Padre Mondin ha scritto: «Non più Dio, ma l’uomo è contemplato come creatore della realtà. Hegel è il punto culminante e insuperabile della cultura moderna che parte da Occam: epoca che si consuma nell’ateismo o nichilismo assoluto, come esito dell’antropocentrismo o umanesimo assoluto; o Dio s’identifica panteisticamente col mondo, oppure è negato [ateisticamente] o “ucciso” [nichilisticamente] come realtà oggettiva in sé e per sé esistente» (8). Giustamente si può dire che il Nichilismo rappresenta l’esito ultimo del panteismo e si può proporre la saggezza classica come terapia dei mali dell’uomo d’oggi.

Bisogna, dunque, passare coraggiosamente e praticamente al rimedio: la vittoria sul soggettivismo mediante il recupero d’ideali e di valori supremi. Ma, non è un’operazione facile, poiché implica una vera e propria rivoluzione spirituale: il ritorno alla metafisica classica perfezionata dalla scolastica tomistica e non si tratta di un ritorno acritico e unicamente cronologico a certe idee del passato, ma dell’assimilazione e della fruizione di alcuni messaggi della saggezza antica o perenne, validi ieri, oggi e domani.

La cultura contemporanea ha perduto il senso di quei grandi valori che, nell’età antica e medievale, costituivano i punti di riferimento essenziali, e in larga misura irrinunciabili, nel pensare e nel vivere.

Alla filosofia attuale o post-moderna manca la ragion d’essere, il fine e lo scopo di vivere, la risposta al “perché?”. Questo è il Nominalismo nichilistico filosofico, ove i valori supremi (essere, conoscere, morale) si s-valorizzano perché non restano più l’essere per partecipazione e per essenza, la realtà, la verità, il bene; resta solo l’individuo, i sensi e il “nulla”.

L’antropocentrismo individualistico del Nominalismo e della Modernità, dopo essersi auto-deificato in un delirio di onnipotenza, si è rivoltato contro se stesso in un impeto di follia auto-lesionista ed ha posto l’intelligenza, la morale e l’essere in pericolo di morte.

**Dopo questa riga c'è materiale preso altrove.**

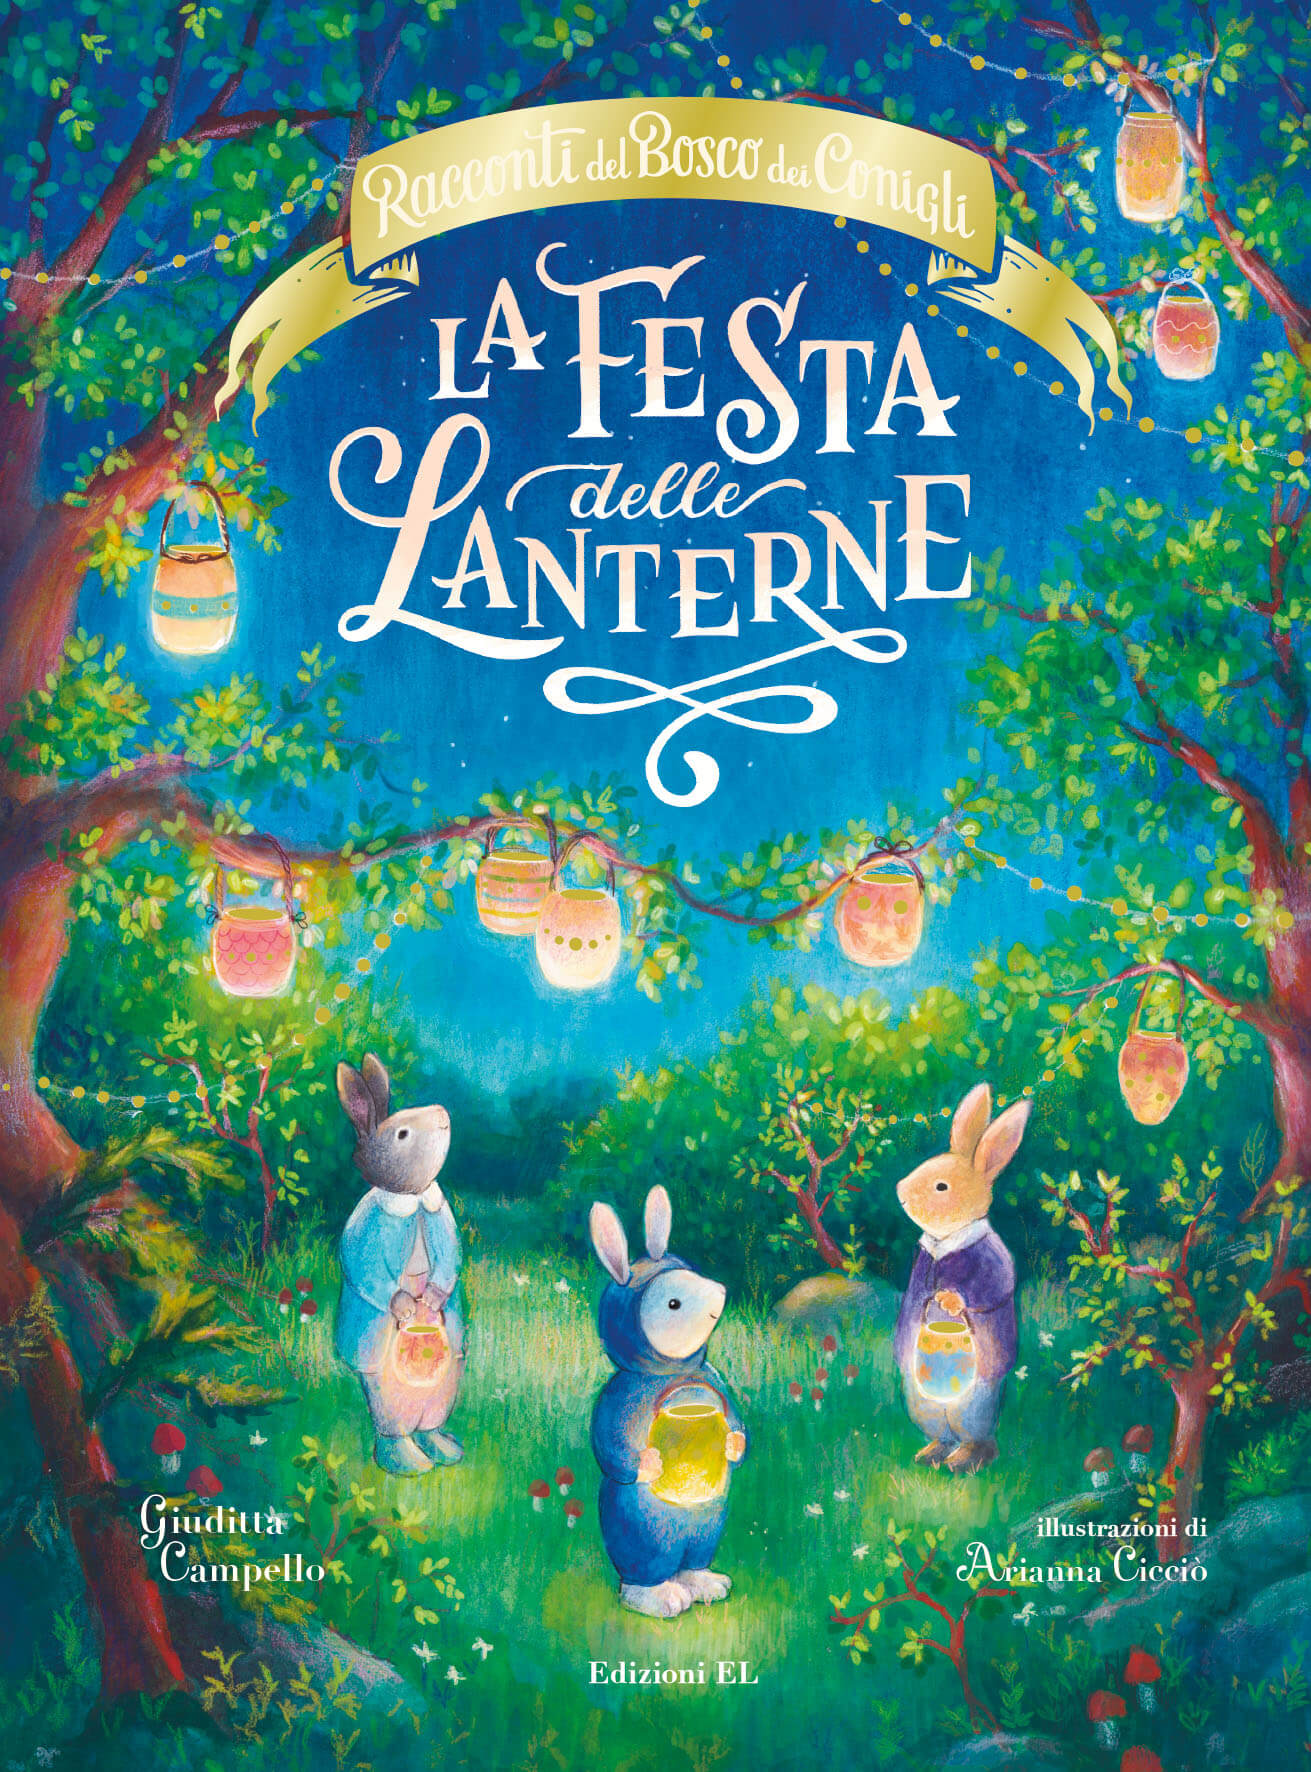 Racconti del bosco dei conigli – La festa delle lanterne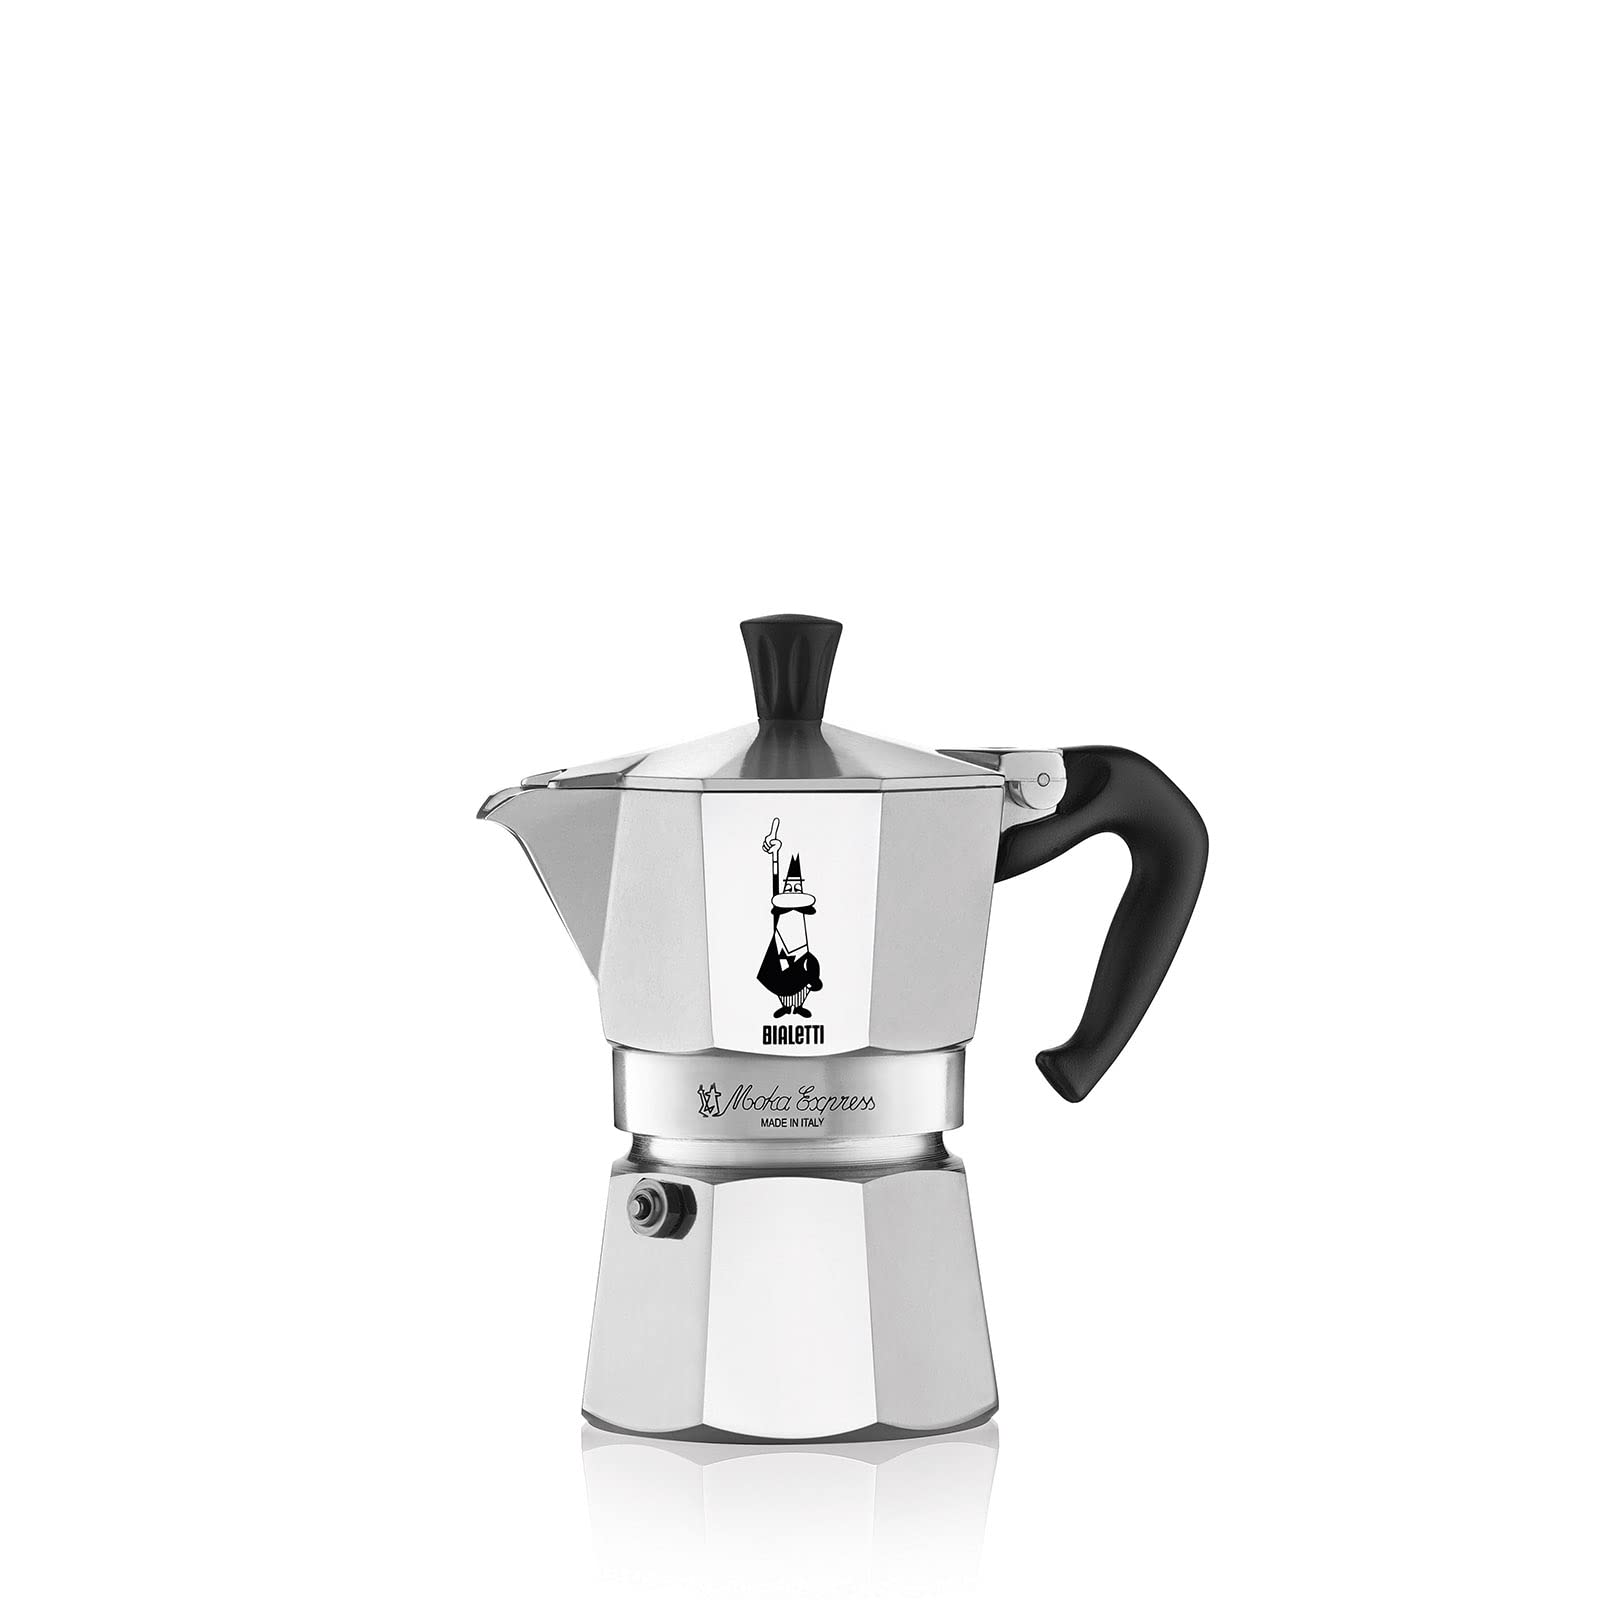 Bialetti - Moka Express: Ikonische Espressomaschine für die Herdplatte, macht echten Italienischen Kaffee, Moka-Kanne 3 Tassen (130ml), Aluminium, Silber

Dopo aver negato la trascendenza, la vorrebbe uccidere assieme a Dio e a tutti i valori a Lui connessi.

Che la sana filosofia realista ci aiuti a recuperare il valore della nostra ragione, della libera volontà, della morale e dell’essere per partecipazione, per poter poi ascendere all’Essere stesso per essenza.



NOTE

1 - In breve l’idealista “è una mente distorta, che vede o vuol vedere costantemente le cose diverse da quel che sono” (M. DE CORTE, La grande eresia, Roma, Volpe, 1970, p. 124).
2 - C. FABRO, Enciclopedia Cattolica, Città del Vaticano, 1951, vol. VI, col. 1562, voce “Idealismo”.
3 - Ibidem, col. 1566.
4 - Ibidem, col. 1567.
5 - Cfr. A. DEL NOCE, Il suicidio della Rivoluzione, Milano, Rusconi, 1978; ID., Il cattolico-comunista, Milano, Rusconi, 1981.
6 - Cfr. A. DEL NOCE, Tramonto o eclissi dei valori tradizionali?, Milano, Rusconi, 1971.
7 - Cfr. A. DEL NOCE, Il vicolo cieco della sinistra, Milano, Rusconi, 1971; ID., I caratteri generali del pensiero politico contemporaneo, Milano, Rusconi, 1972; ID., Il suicidio della rivoluzione, Milano, Rusconi, 1978; ID., Il cattolico comunista, Milano, Rusconi, 1981.
8 - B. MONDIN, Storia della metafisica, Bologna, ESD, 1998, 3° vol., p. 373.